For illumination application, heat dissipation and light dispersion
must be properly designed.
[0009] A conventional LED light bulb is known comprising a heat
sink disposed at the bottom side, a circuit board mounted at the
top side of the heat sink, a plurality of light-emitting diodes
installed in the circuit board, and a transparent or translucent
lamp shell covering the circuit board and the light-emitting
diodes. According to this design of LED light bulb, the
light-emitting diodes face upward (forward). Due to limited
light-emitting angle, a LED light bulb of this design is normally
used with a reflector that is mounted around the lamp socket
holding the LED light bulb. However, because the light-emitting
diodes are directional, the reflector cannot reflect much light
rays toward the desired direction. Further, the simple heat sink
design cannot effectively and rapidly dissipate waste heat from the
light-emitting diodes during the operation of the LED light
bulb.
SUMMARY OF THE INVENTION
[0010] The present invention has been accomplished under the
circumstances in view. It is therefore the main object of the
present invention to provide a light bulb, which dissipates waste
heat rapidly during operation and has the characteristics of high
component positioning stability and enhanced illumination.

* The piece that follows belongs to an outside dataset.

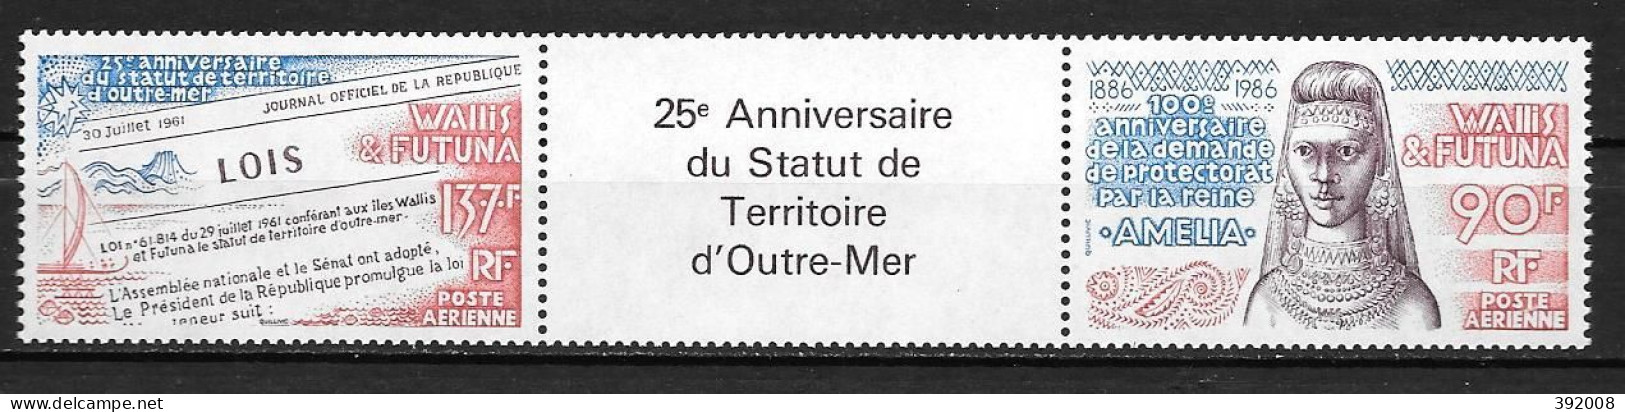 PA - 1986 - 152A**MNH - 100 Ans De La Demande De Protectorat Par La Reine Amélia - Nuevos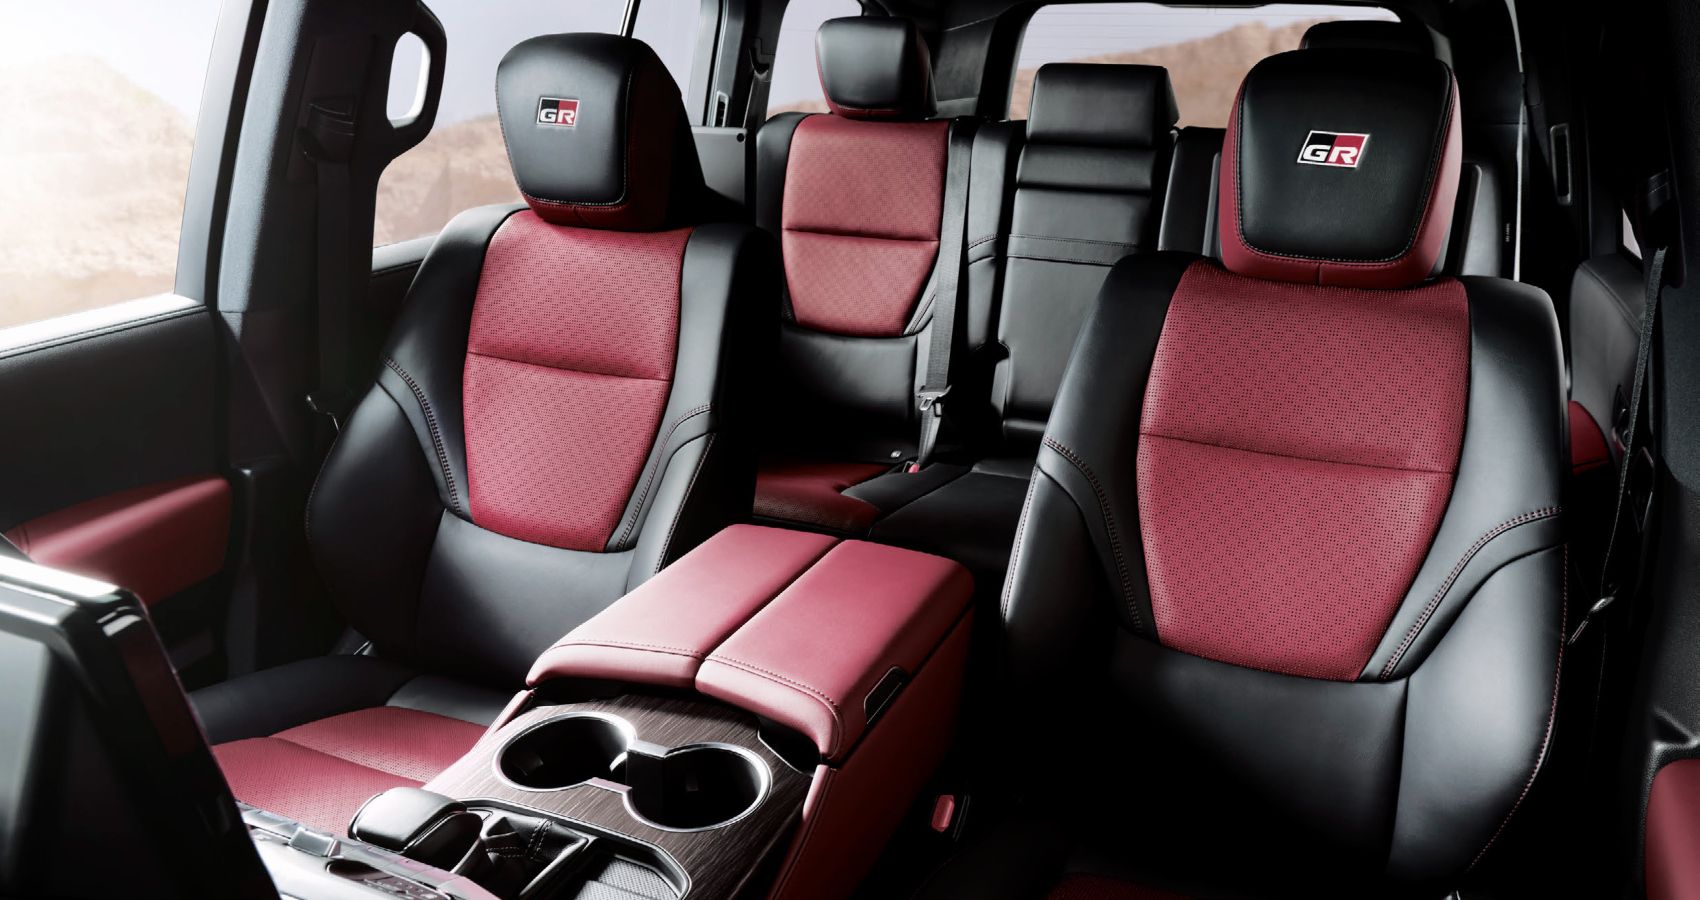 Toyota Land Cruiser GR Sport Interior

[0011] To achieve this and other objects of the present invention,
a light bulb comprises a lamp base unit comprising an electrically
insulative hollow column, a base, a metal cylindrical heat sink, a
light-transmissive shade and a power supply module, a light source
module comprising a metal holder plate, a first circuit board with
upward-facing LEDs, a second circuit board with downward-facing
LEDs, a first adapter board, a second adapter board, a positioning
block and a heat transfer pad, and a light transmitting lamp shell.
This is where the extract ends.